• WHAT YOU WILL DO
Pull out every line with the word "obtenidas" from the entries below.

══════════════════════════════

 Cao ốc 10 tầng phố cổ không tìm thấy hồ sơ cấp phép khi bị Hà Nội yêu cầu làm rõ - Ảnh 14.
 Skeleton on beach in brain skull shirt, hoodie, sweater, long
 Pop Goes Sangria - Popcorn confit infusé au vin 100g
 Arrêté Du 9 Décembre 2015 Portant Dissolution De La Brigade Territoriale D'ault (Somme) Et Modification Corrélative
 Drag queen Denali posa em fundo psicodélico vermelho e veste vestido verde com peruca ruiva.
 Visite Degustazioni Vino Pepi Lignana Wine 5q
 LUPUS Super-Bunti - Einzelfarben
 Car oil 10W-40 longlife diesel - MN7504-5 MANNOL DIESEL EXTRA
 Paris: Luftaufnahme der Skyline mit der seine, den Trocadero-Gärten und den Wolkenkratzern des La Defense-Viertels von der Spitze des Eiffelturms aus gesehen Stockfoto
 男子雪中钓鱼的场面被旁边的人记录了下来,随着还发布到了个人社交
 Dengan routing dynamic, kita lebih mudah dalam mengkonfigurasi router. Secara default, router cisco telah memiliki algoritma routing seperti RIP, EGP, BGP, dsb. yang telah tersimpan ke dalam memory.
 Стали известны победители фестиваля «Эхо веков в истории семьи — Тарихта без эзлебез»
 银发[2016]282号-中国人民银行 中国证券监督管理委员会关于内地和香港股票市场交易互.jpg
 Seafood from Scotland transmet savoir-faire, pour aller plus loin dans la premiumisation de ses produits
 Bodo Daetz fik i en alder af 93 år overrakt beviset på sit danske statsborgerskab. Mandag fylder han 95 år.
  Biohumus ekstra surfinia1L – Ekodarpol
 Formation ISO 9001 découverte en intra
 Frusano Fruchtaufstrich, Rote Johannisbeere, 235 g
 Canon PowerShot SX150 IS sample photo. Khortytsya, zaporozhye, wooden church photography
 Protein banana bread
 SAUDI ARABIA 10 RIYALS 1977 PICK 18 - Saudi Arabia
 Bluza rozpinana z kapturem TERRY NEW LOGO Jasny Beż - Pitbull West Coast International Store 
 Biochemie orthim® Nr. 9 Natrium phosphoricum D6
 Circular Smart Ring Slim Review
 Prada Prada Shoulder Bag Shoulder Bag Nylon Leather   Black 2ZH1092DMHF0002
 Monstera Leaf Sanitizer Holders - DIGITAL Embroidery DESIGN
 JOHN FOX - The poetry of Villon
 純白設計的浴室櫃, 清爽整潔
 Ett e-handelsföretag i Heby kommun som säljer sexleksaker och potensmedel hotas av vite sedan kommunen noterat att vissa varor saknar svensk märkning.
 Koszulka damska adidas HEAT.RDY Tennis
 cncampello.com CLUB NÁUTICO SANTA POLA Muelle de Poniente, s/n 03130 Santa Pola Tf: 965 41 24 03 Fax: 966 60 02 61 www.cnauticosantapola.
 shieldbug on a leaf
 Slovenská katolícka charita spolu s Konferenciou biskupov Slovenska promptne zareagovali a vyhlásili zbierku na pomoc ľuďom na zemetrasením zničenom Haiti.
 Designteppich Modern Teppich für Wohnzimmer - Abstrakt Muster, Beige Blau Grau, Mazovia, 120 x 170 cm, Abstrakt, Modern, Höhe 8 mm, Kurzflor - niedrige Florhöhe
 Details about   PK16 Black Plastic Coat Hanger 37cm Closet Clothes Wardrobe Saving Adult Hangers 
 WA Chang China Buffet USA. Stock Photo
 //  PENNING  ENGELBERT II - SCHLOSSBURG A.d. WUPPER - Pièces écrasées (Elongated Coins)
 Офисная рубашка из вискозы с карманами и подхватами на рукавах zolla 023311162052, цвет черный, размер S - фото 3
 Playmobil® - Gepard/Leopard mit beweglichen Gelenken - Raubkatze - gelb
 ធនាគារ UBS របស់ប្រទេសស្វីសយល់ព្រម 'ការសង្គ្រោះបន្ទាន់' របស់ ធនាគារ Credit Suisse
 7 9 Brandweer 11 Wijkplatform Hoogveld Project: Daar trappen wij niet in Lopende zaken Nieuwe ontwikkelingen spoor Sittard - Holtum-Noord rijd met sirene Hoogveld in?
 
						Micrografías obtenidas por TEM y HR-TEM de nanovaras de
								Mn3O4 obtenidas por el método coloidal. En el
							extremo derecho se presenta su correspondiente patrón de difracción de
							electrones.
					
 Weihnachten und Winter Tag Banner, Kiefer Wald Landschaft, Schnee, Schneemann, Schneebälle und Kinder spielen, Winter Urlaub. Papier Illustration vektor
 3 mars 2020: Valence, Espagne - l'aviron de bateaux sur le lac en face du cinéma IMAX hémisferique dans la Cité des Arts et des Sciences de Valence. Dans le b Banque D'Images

══════════════════════════════

• REPLY
						Micrografías obtenidas por TEM y HR-TEM de nanovaras de
								Mn3O4 obtenidas por el método coloidal. En el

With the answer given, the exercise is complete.